Accordingly, making statements about an employee’s inability to perform, lack of integrity, or lack of ability in his trade, profession, or business without substantial evidence of its truth can land an employer and its management in very hot water.

If an employer is going to fire someone “for cause,” the employer better well have good factual documentation establishing cause. As the Leyshon case discussed above shows, an employer would be foolish to use “for cause” as a subterfuge to avoid severance payments required under an employment contract. Unless the executive’s conduct is so egregious that paying severance is not a public relations option, sometimes, it is better not to state a reason and simply pay.

If an employer has a non-compete claim, a non-solicitation claim, and/or a breach of confidentiality claim against an employee, it is best to let the lawsuit speak for itself.
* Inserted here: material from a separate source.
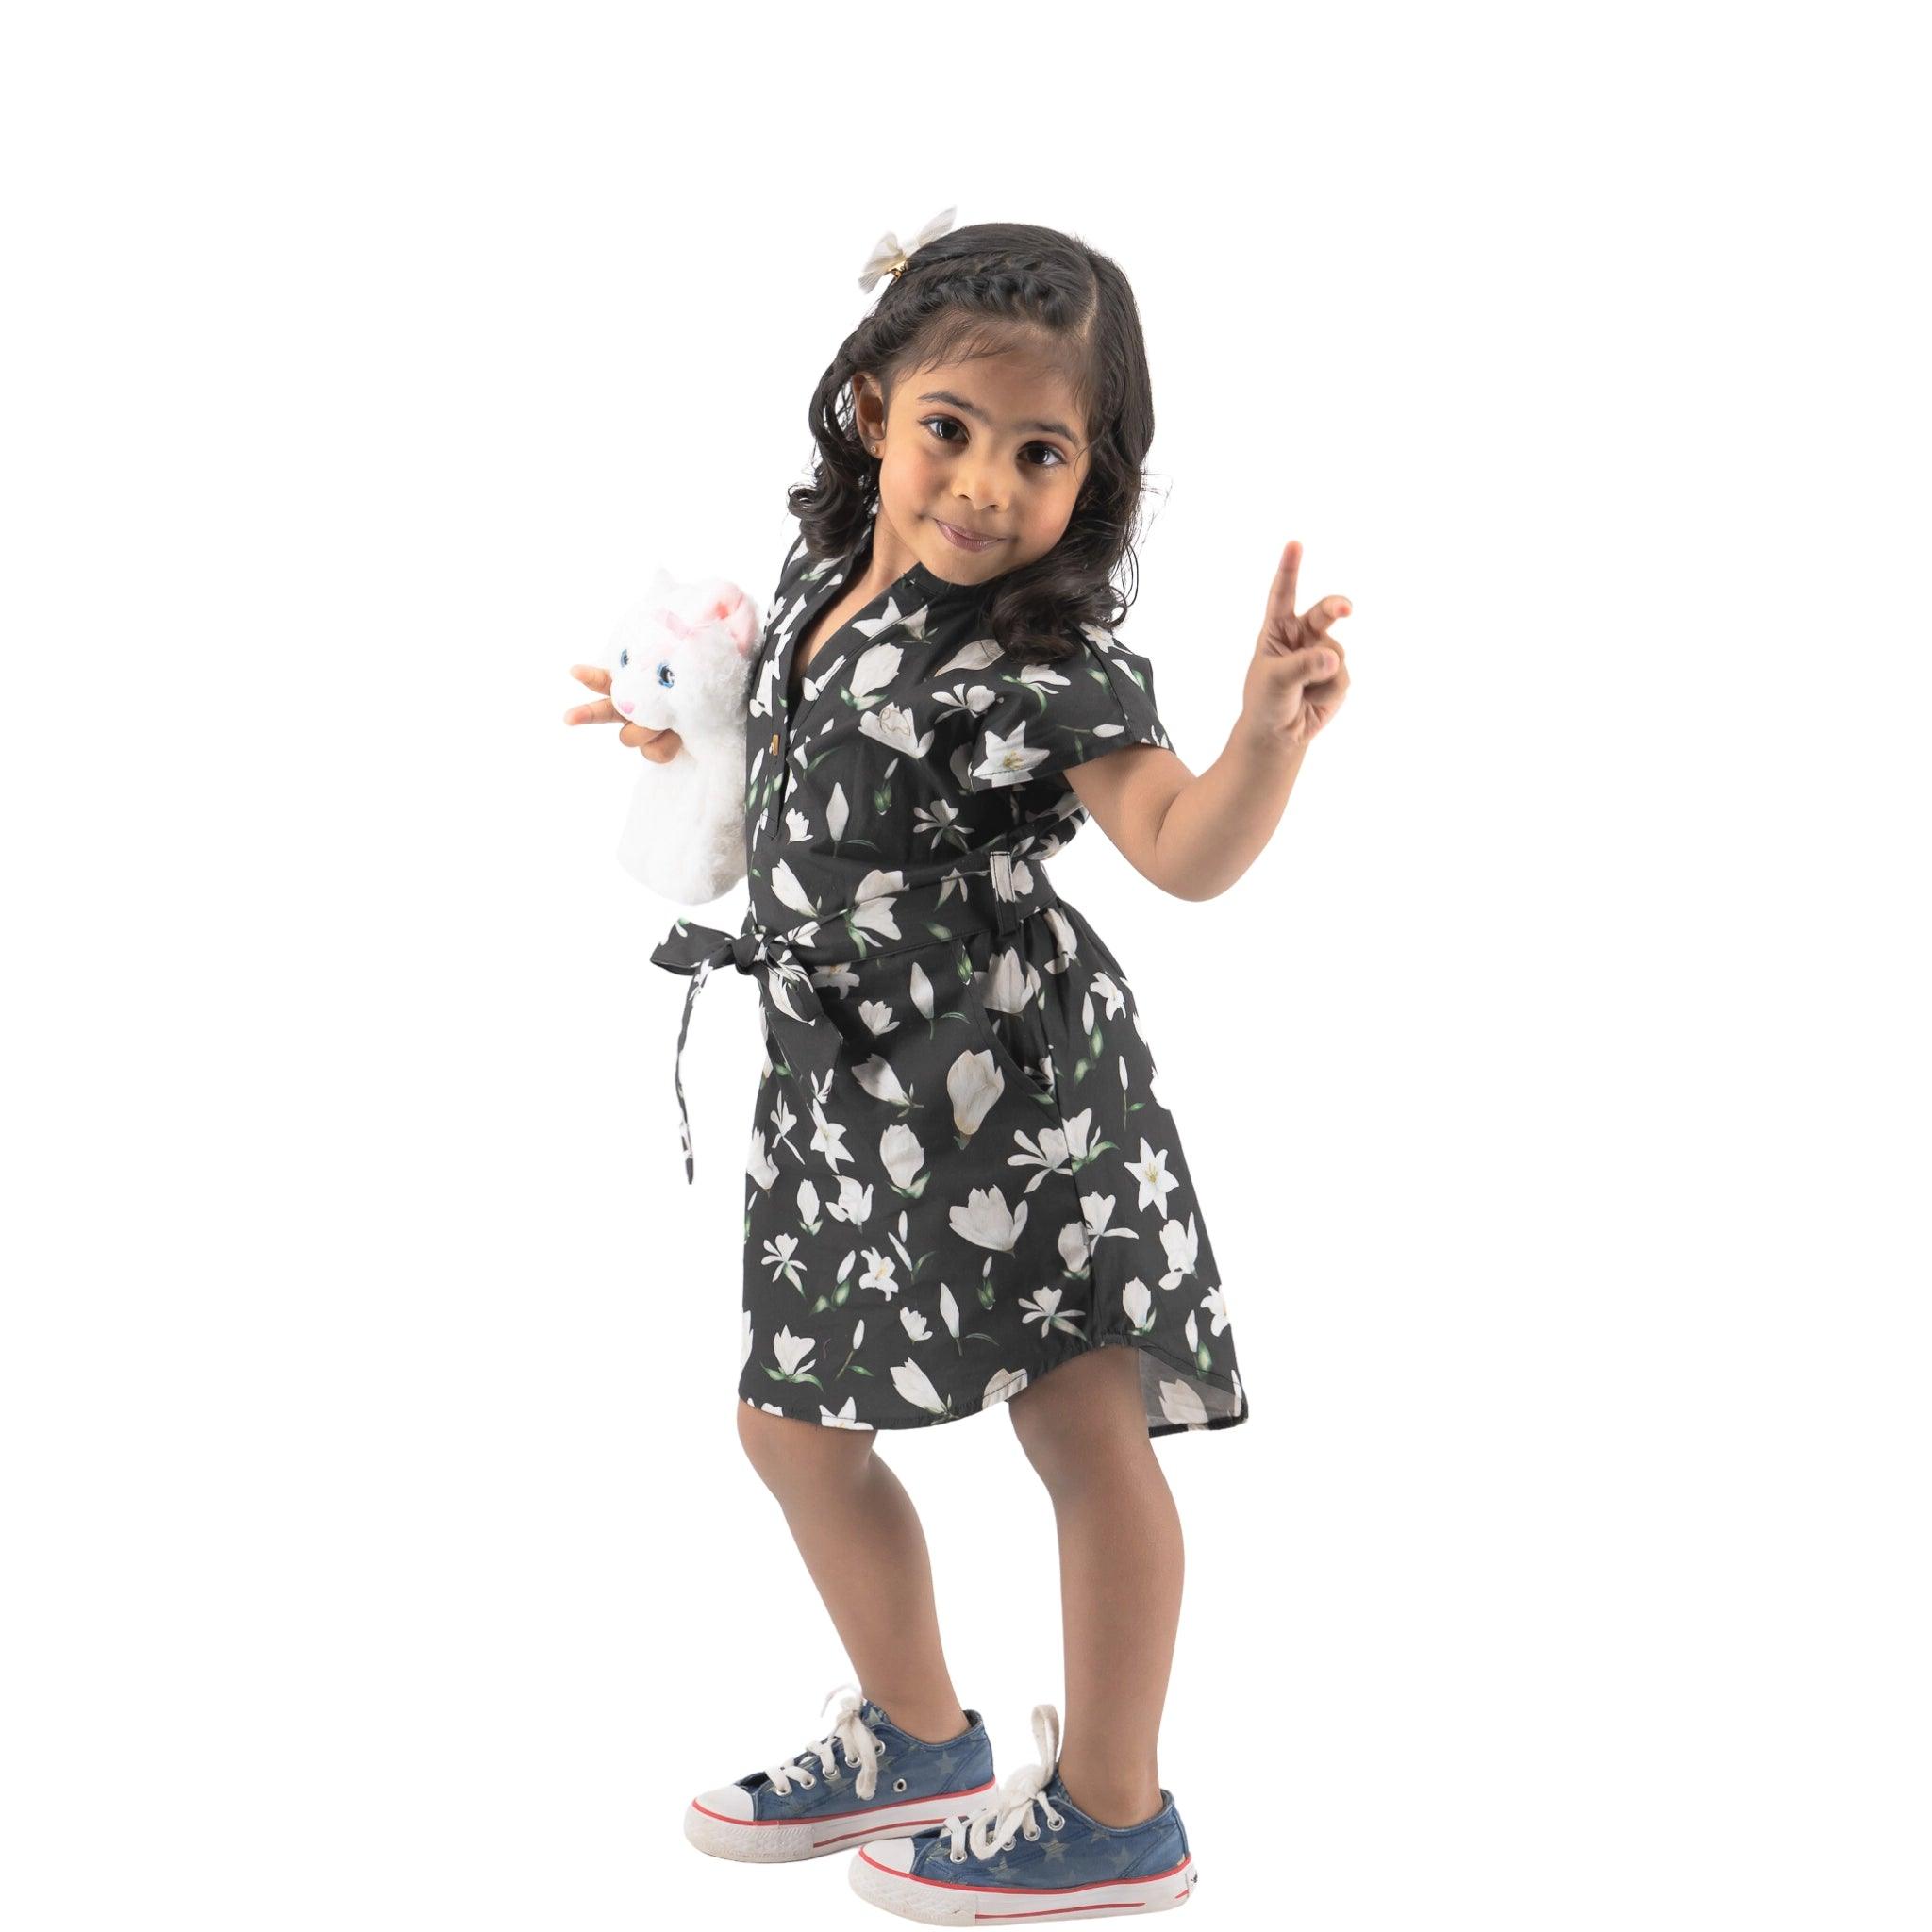 Young girl in a Black Lilly Blossom cotton shirt dress by Karee holding a stuffed animal and making a peace sign, isolated on a white background.
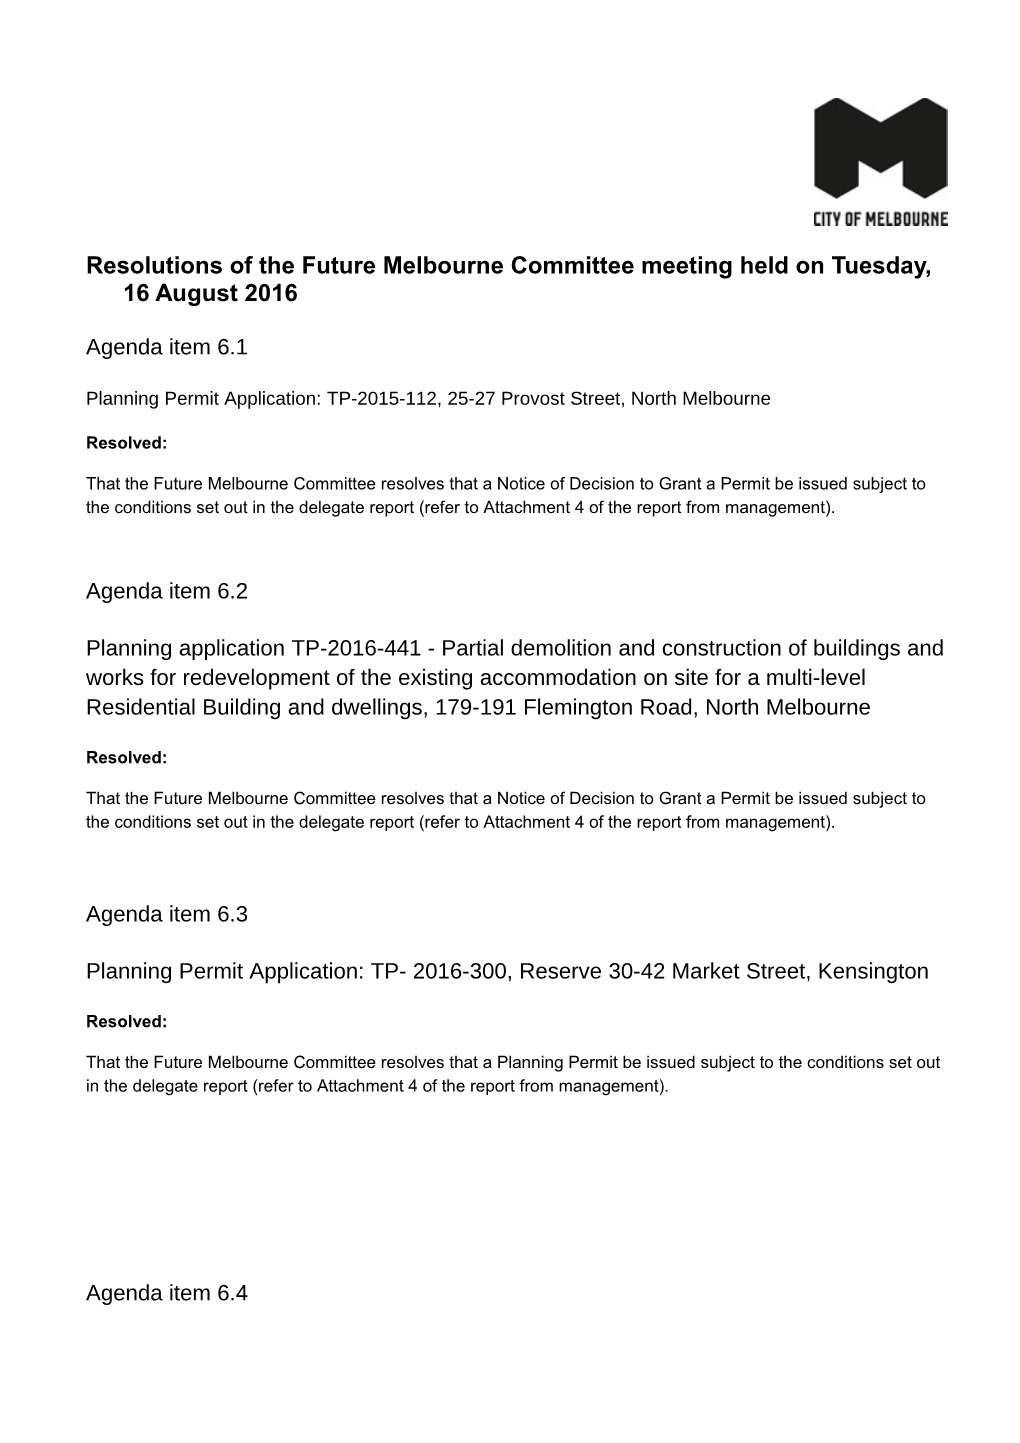 Resolutions of the Future Melbourne Committee Meeting Held on Tuesday, 16 August 2016

If the employer feels compelled to say anything to third parties, then it should be simply that there is a lawsuit alleging these claims that is of public record. To state that an alleged violation is “fact” leaves the employer vulnerable to a lawsuit and possible liability. The best employer statement to make is “No comment.”


For the employer, the lesson is that any departure of an employee must be tightly managed so that no one in the company makes a disparaging statement about the employee that could result in a defamation suit. An employment attorney and a seasoned HR professional should manage the mechanics of the employee’s exit and any existing issues like possible violations of restrictive covenants.

For the departing executive, the lesson is that the executive must remind the employer that the executive does not expect and will not tolerate the employer making untrue disparaging statements. Sometimes a communication from the executive’s attorney is needed.